◆ **Exercise**:
Everything from the "On the left, a" line to the final line of the listing should be written out exactly. Skip the pictures.

◆ **Input data**:
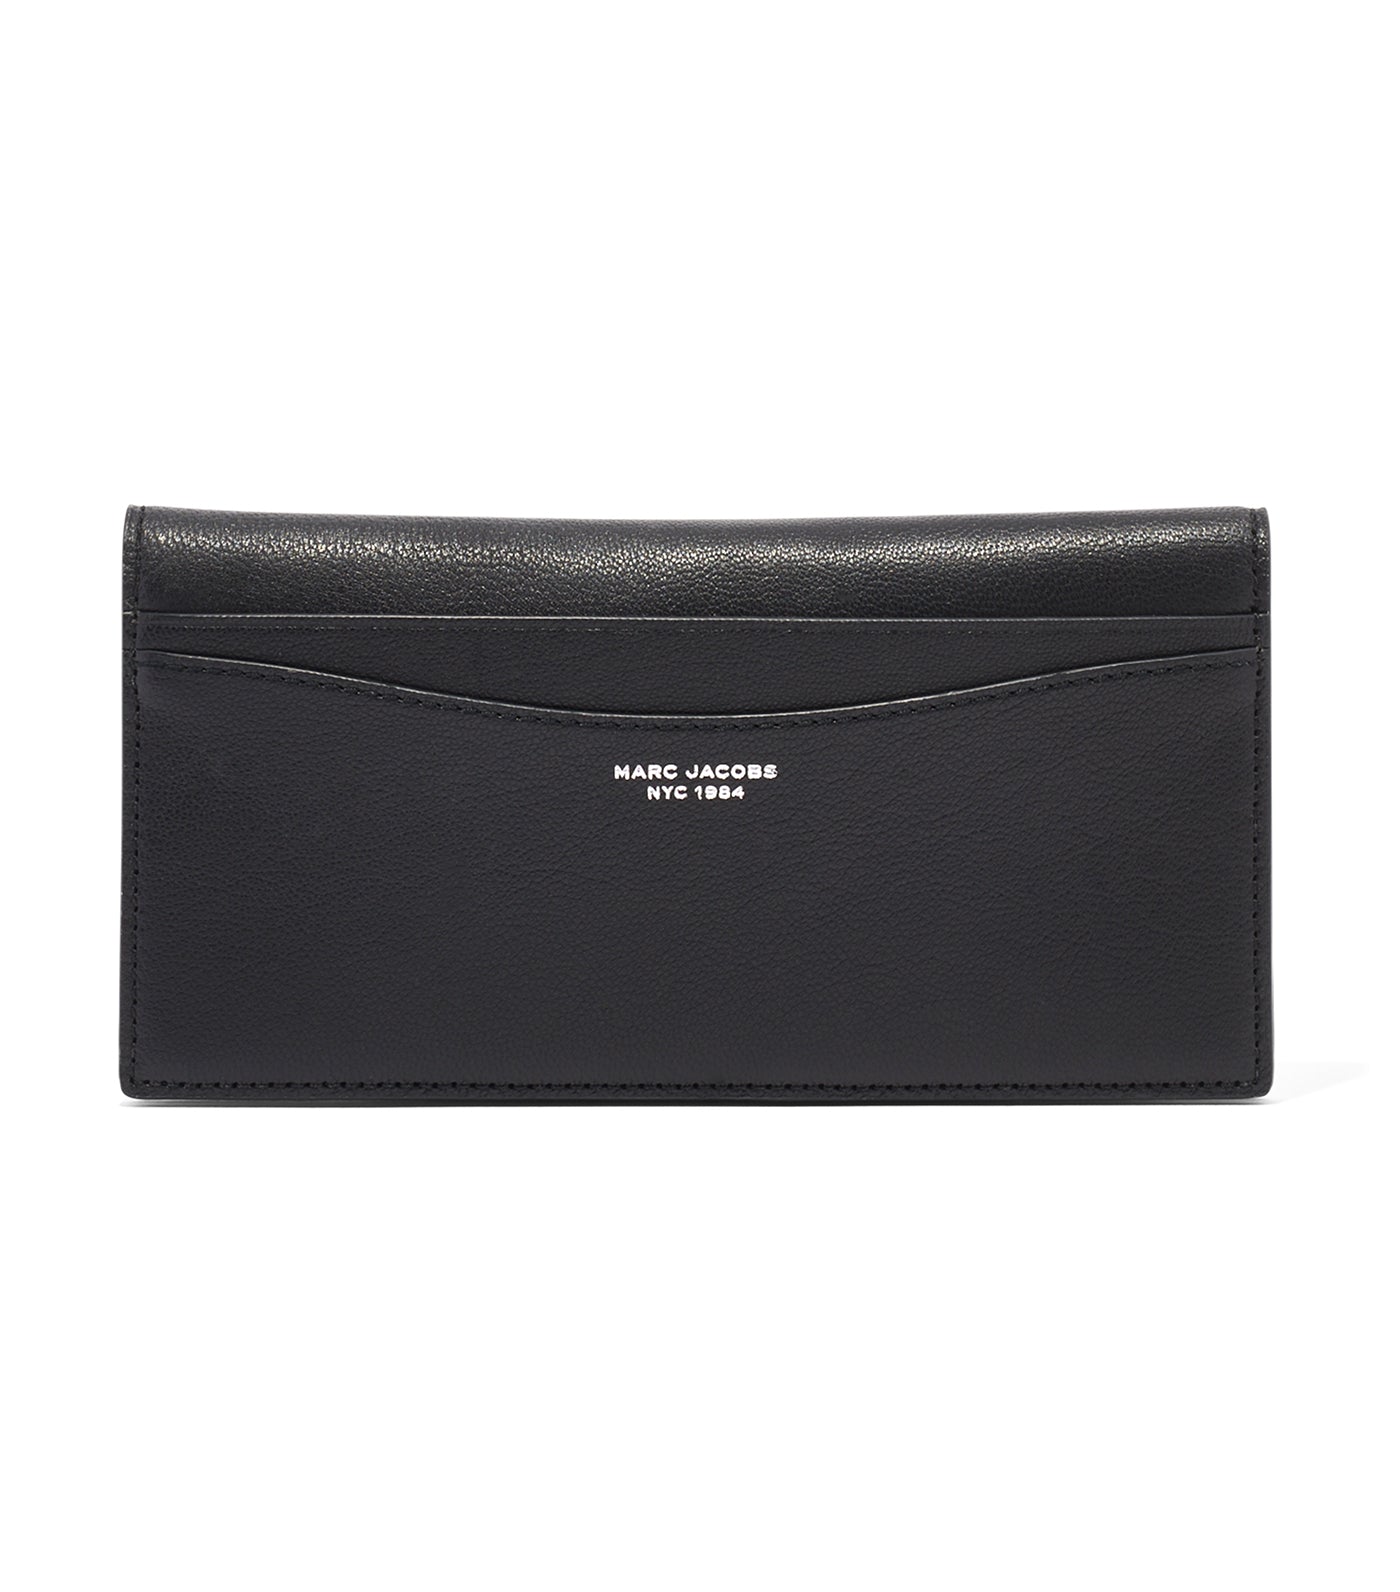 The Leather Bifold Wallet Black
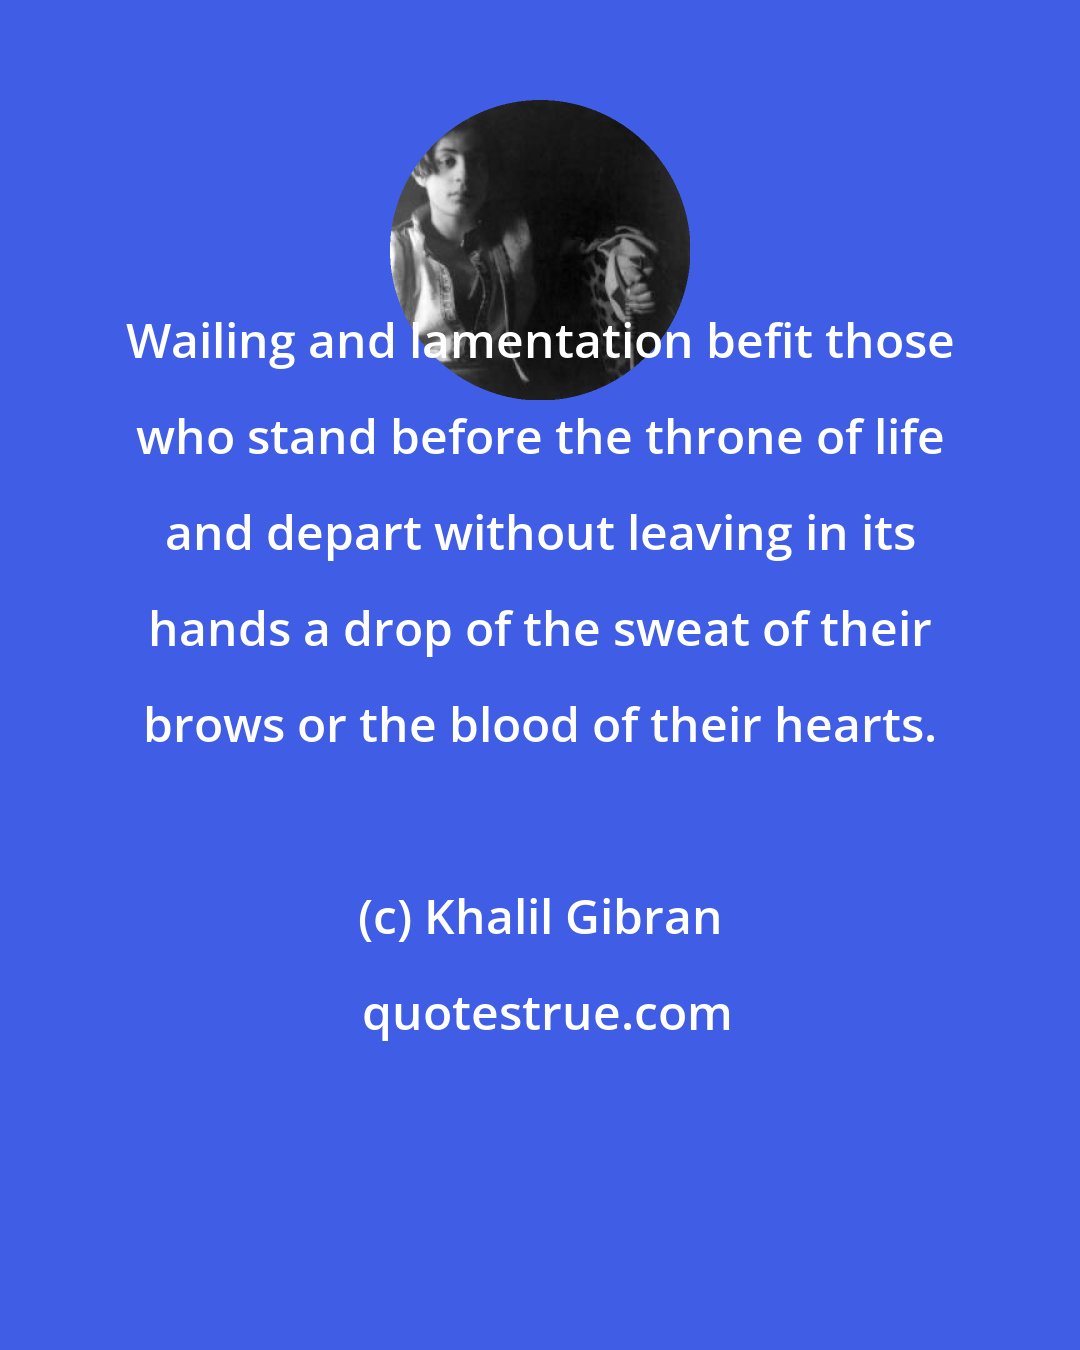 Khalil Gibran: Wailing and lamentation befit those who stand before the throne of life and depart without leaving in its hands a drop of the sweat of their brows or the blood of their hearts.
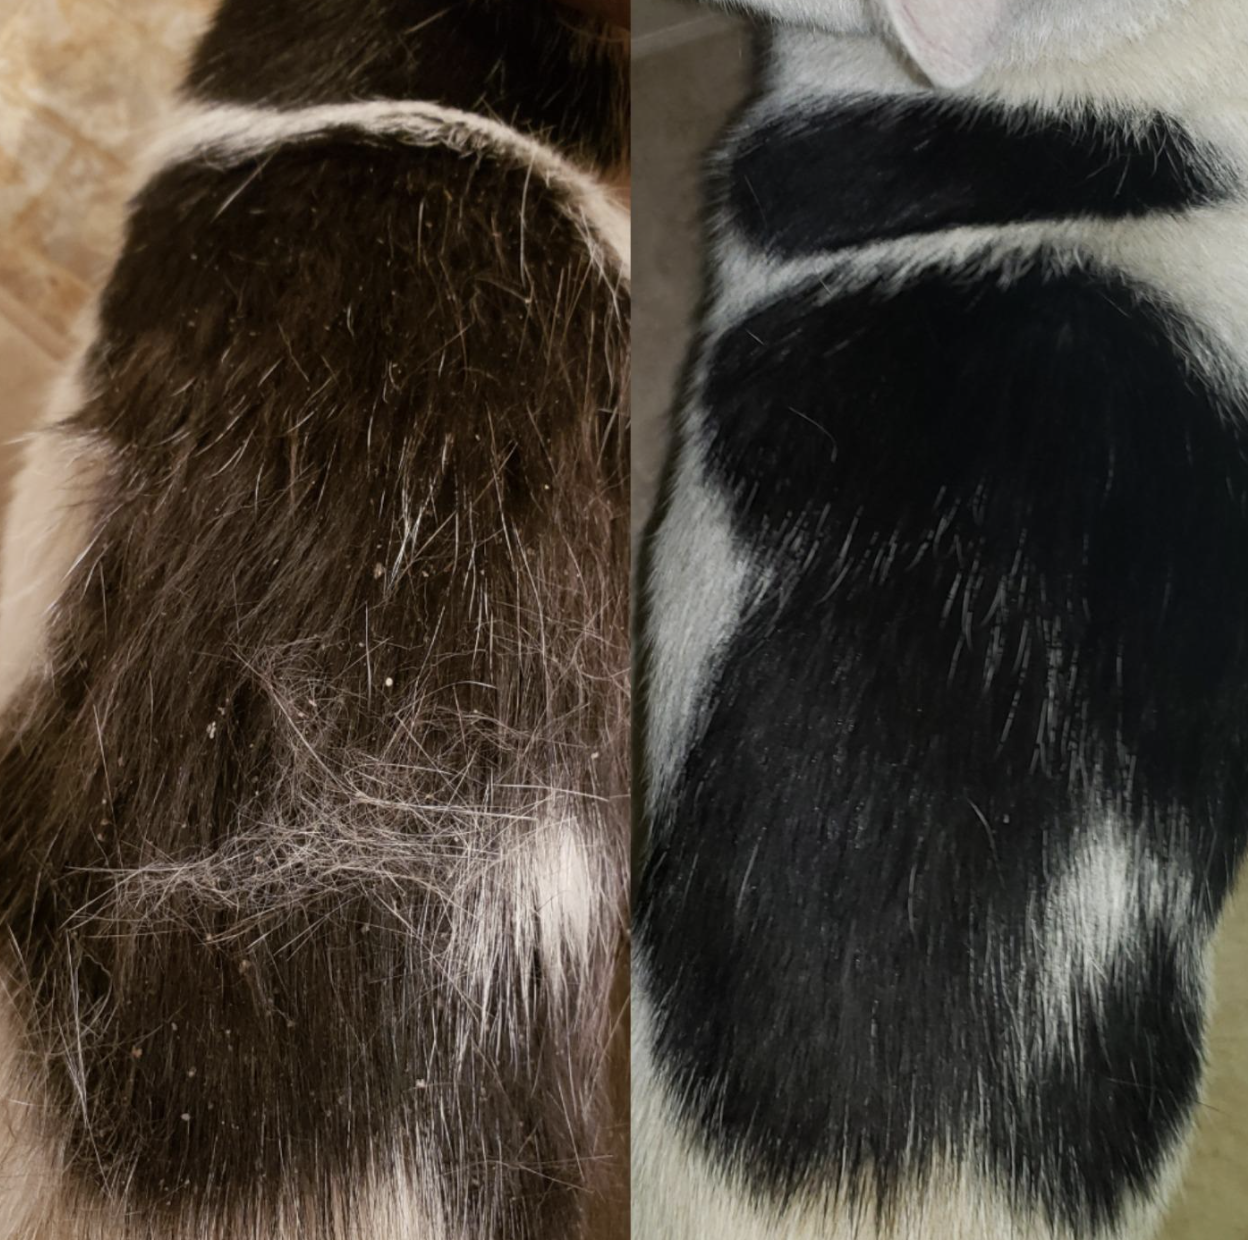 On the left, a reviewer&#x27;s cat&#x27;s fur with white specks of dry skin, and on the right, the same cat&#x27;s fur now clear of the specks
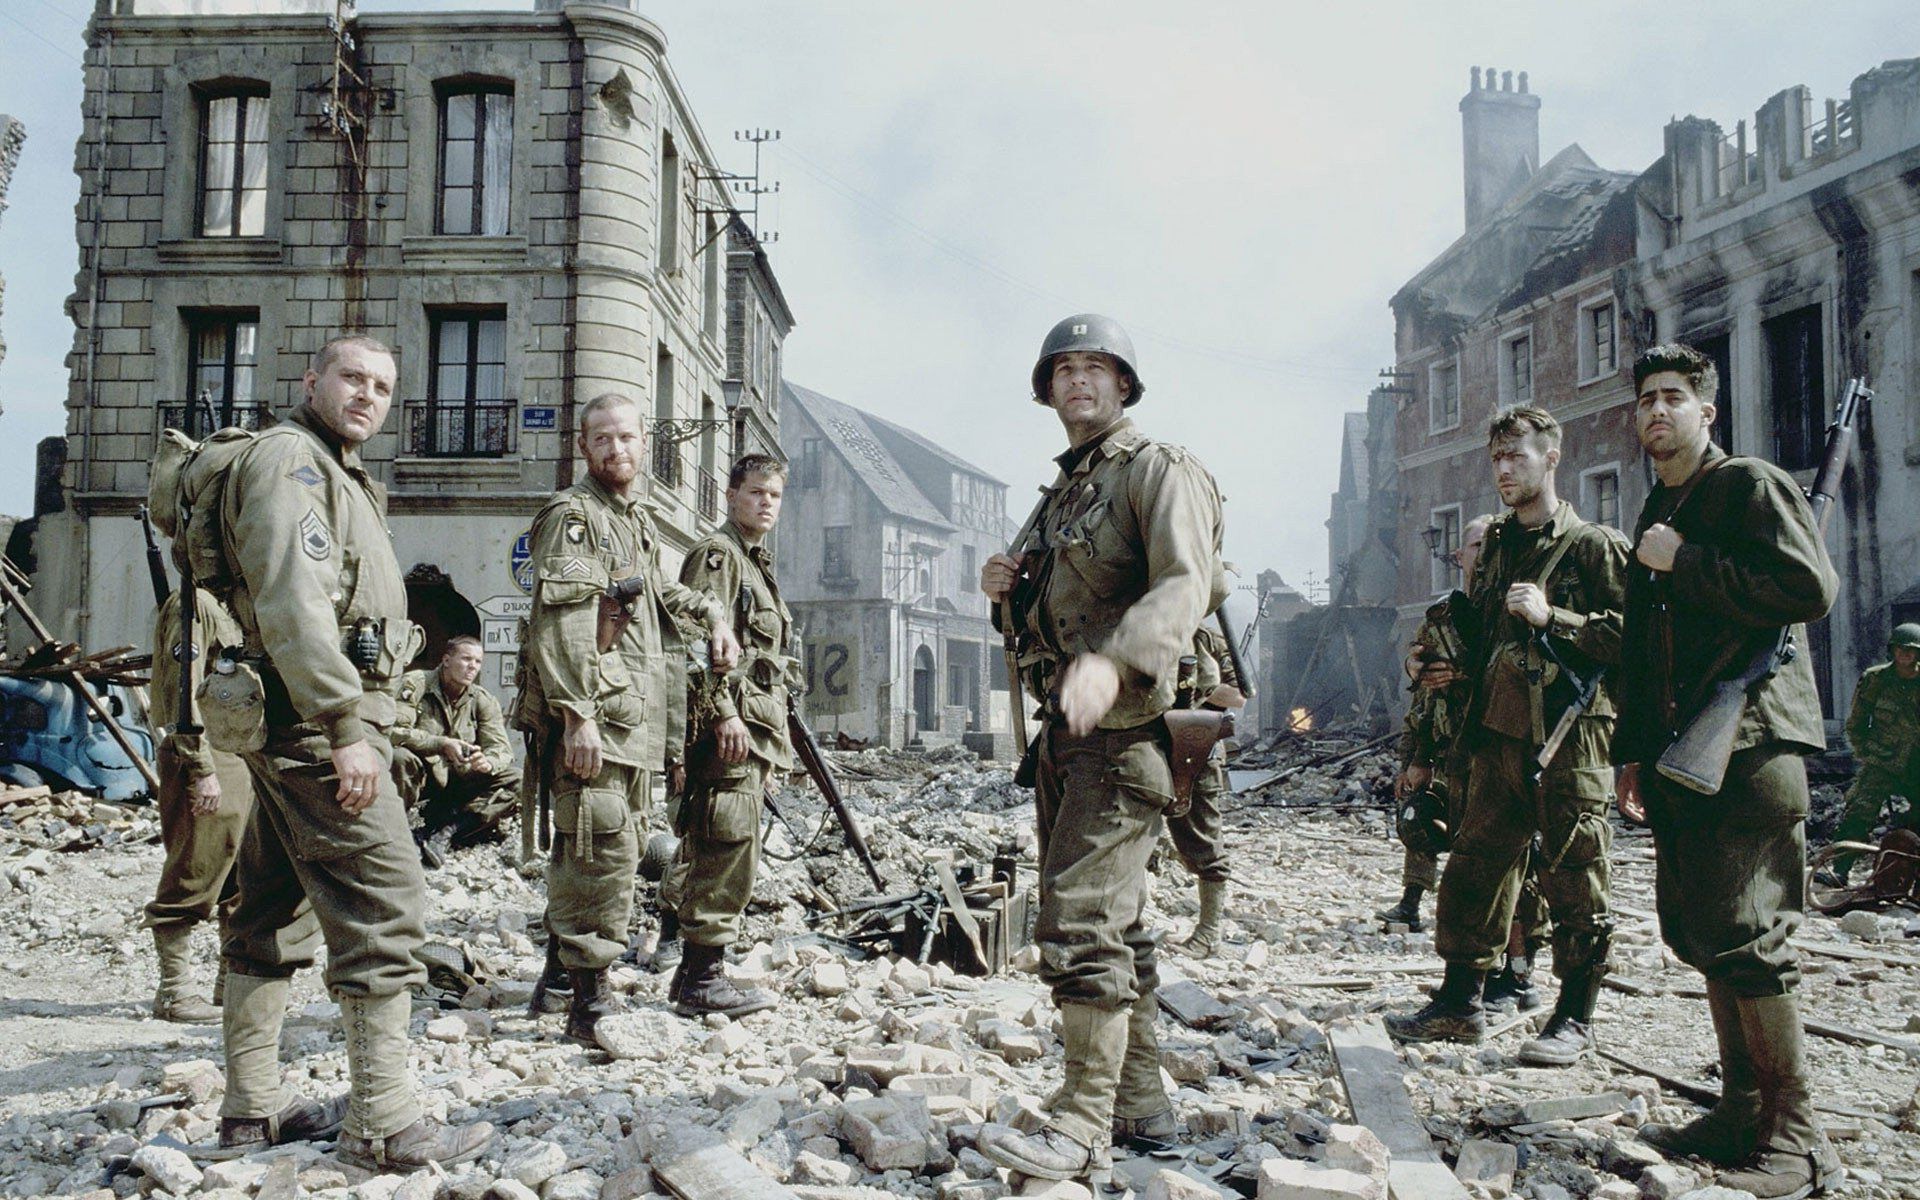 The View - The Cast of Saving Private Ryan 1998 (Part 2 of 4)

◆ **Answer to the problem**:
 On the left, a reviewer&#x27;s cat&#x27;s fur with white specks of dry skin, and on the right, the same cat&#x27;s fur now clear of the specks
 The View - The Cast of Saving Private Ryan 1998 (Part 2 of 4)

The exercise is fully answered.